Thais ressalta, porém, que nesse processo de resgate do passado é importante considerar os interesses do governo egípcio. Seja na preferência pela repatriação de alguns bens mais famosos do que outros, seja no interesse em resgatar “o passado faraônico glorioso e nacionalista, o Vale dos Reis”, diz. Embora isso não invalide a discussão dos acervos, trata-se de um ponto relevante, especialmente porque, desde 2013, pouco após a Primavera Árabe, o país tem passado por instabilidades políticas. O governo é acusado por autoritarismo , e o primeiro presidente civil eleito no Egito, em 2012, foi deposto um ano depois pelos militares.

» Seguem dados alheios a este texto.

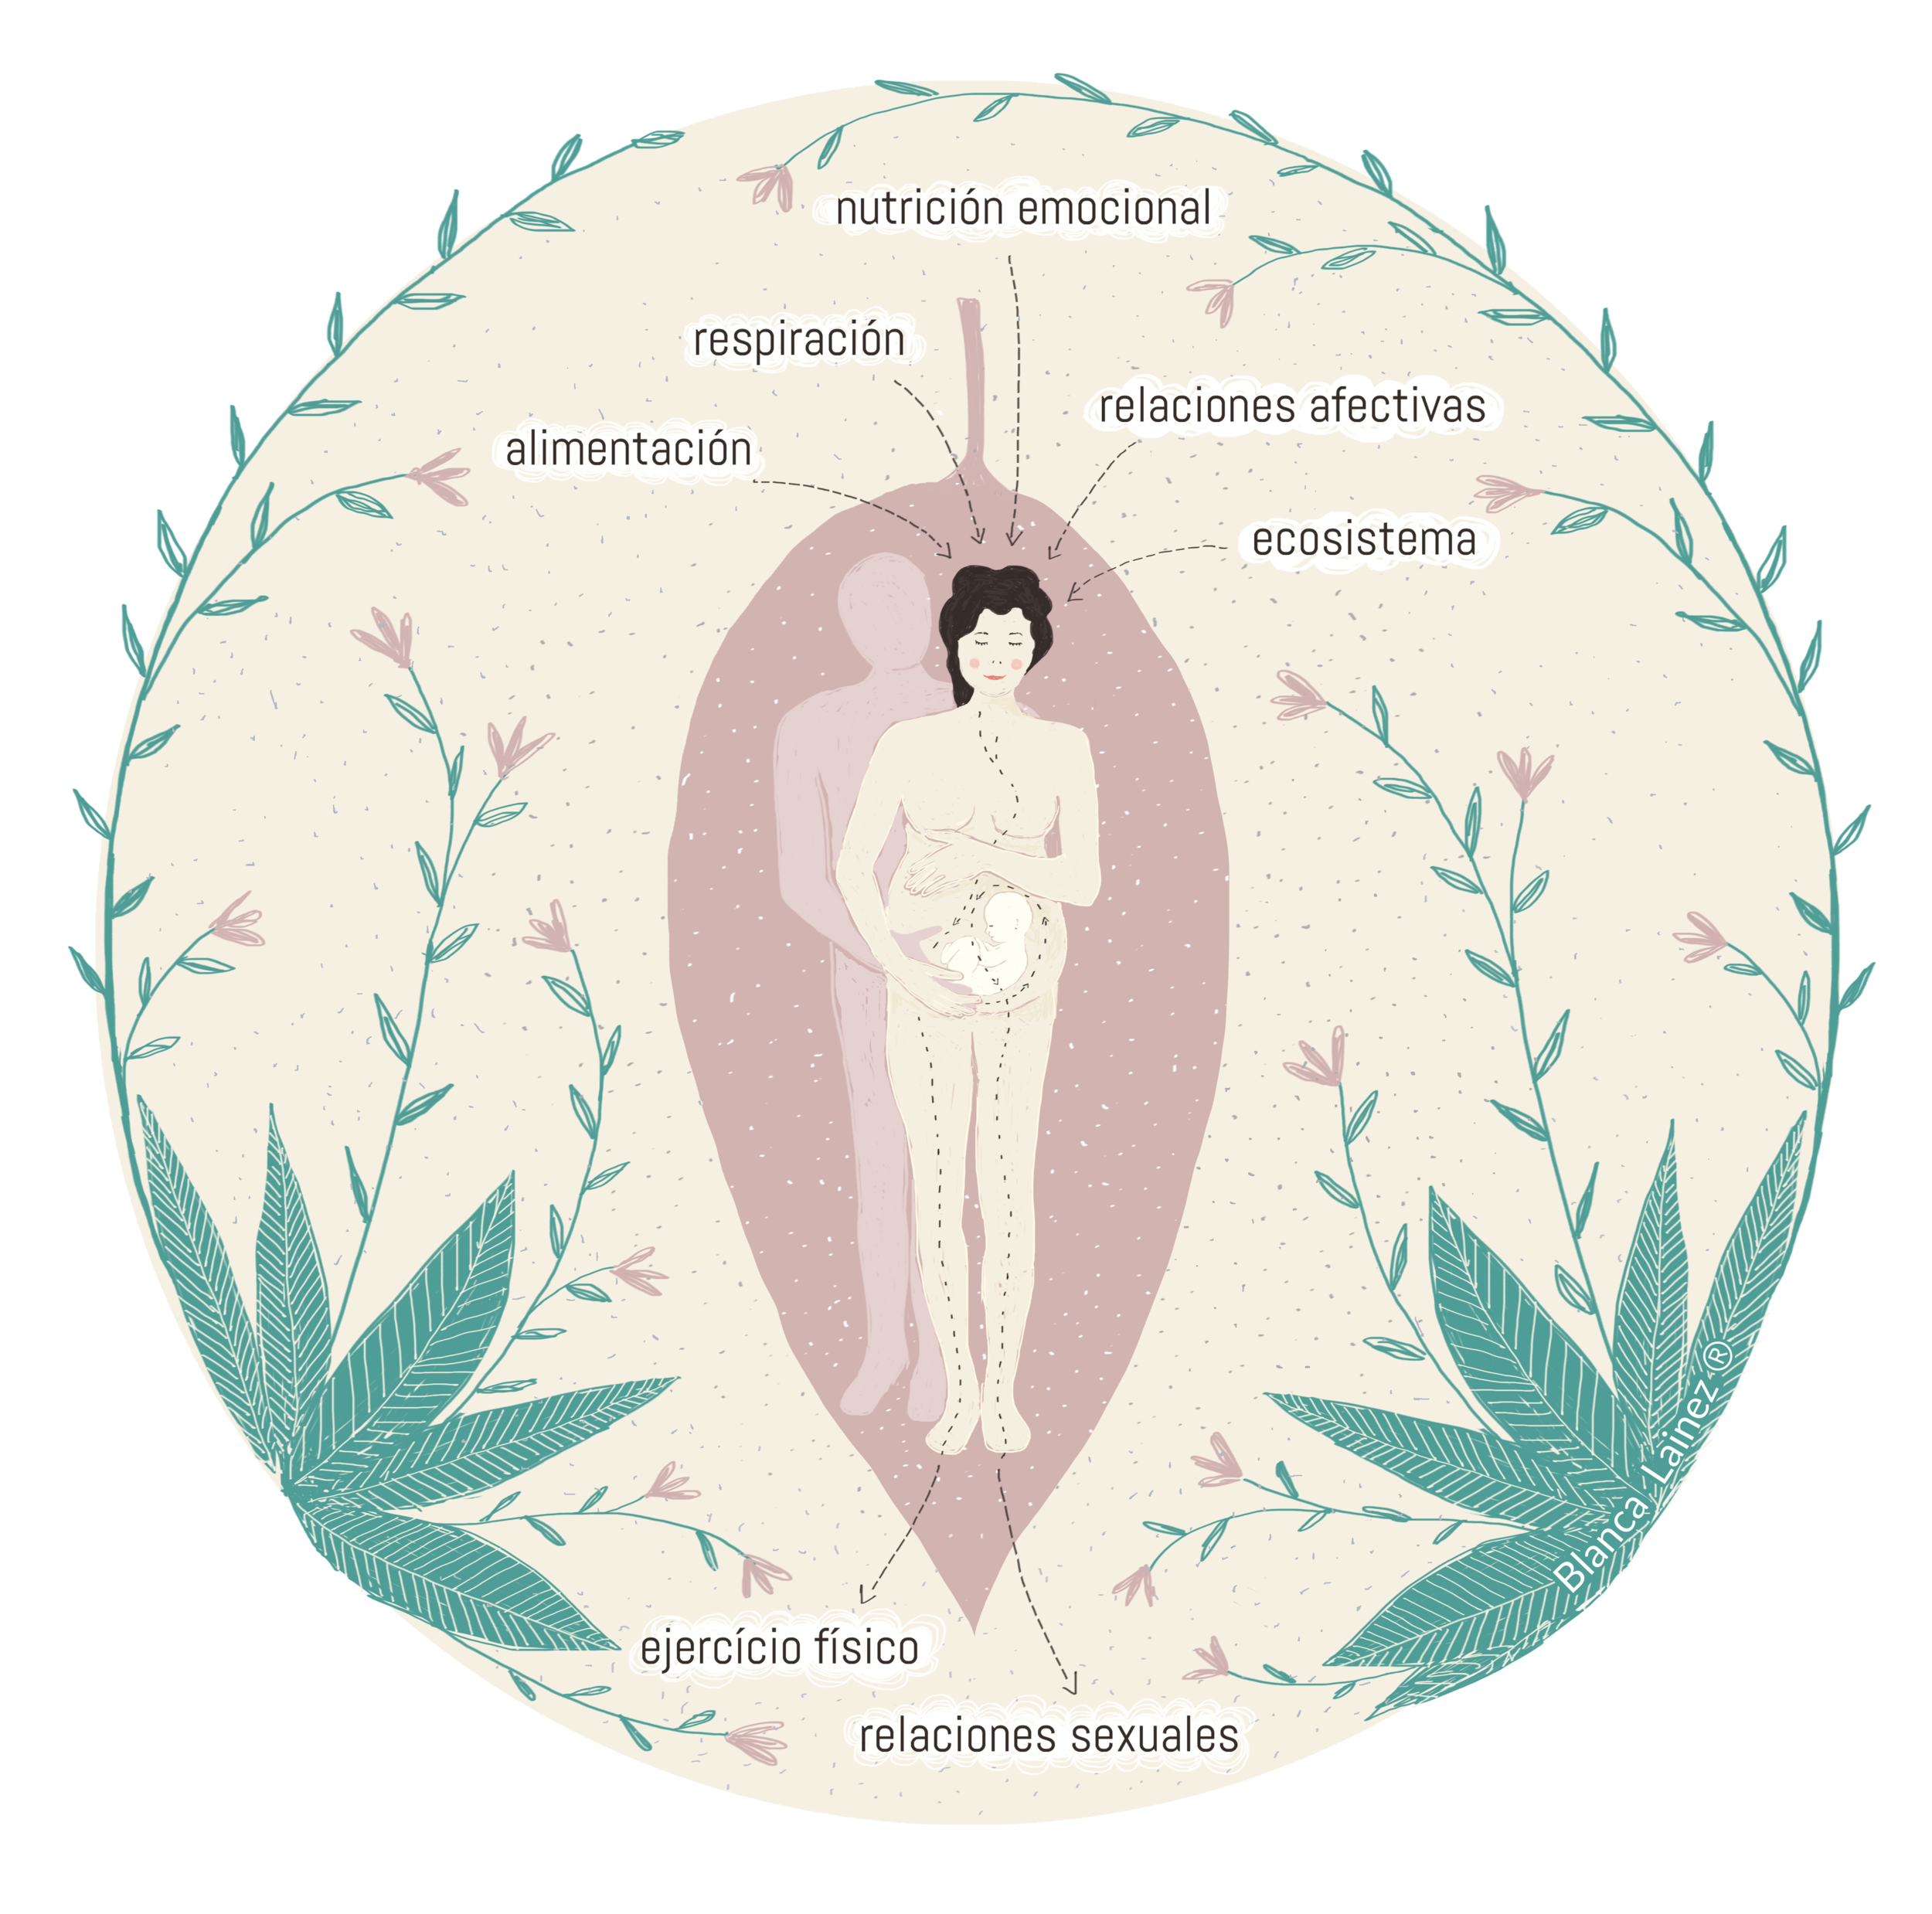 embarazo ecológico REG II.png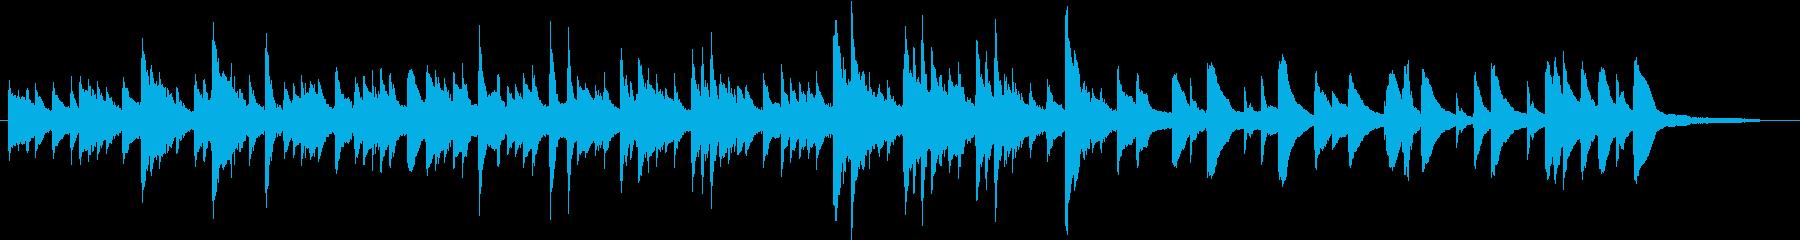 洋楽ピアノ 不安と希望 映像 ヒーリングの再生済みの波形

A professora ressalta que “É preciso ter cuidado para, ao resgatar os períodos antigos da história egípcia, não apagar os árabes – que vivem no território desde a expansão do Islã por volta do século 7.” Para Thais, africanizar o Egito sem considerar outras camadas identitárias pode apagar a história árabe e muçulmana. Segundo ela, “é muito importante reconhecer o lugar do passado, mas isso não pode ser feito às custas de se apagar a cultura islâmica do local”, pois hoje o país é árabe, mas o Egito é um lugar de encontros – da África Negra, do Islamismo, dos resquicios da dominação europeia – e é dever da História se debruçar sobre todos esses contextos, sem excluir um ou outro.
“E o Brasil também tem potencial para estudar o Egito. Temos, como eles, uma formação plural, criatividade e espírito inovador. Não estamos em caixinhas.”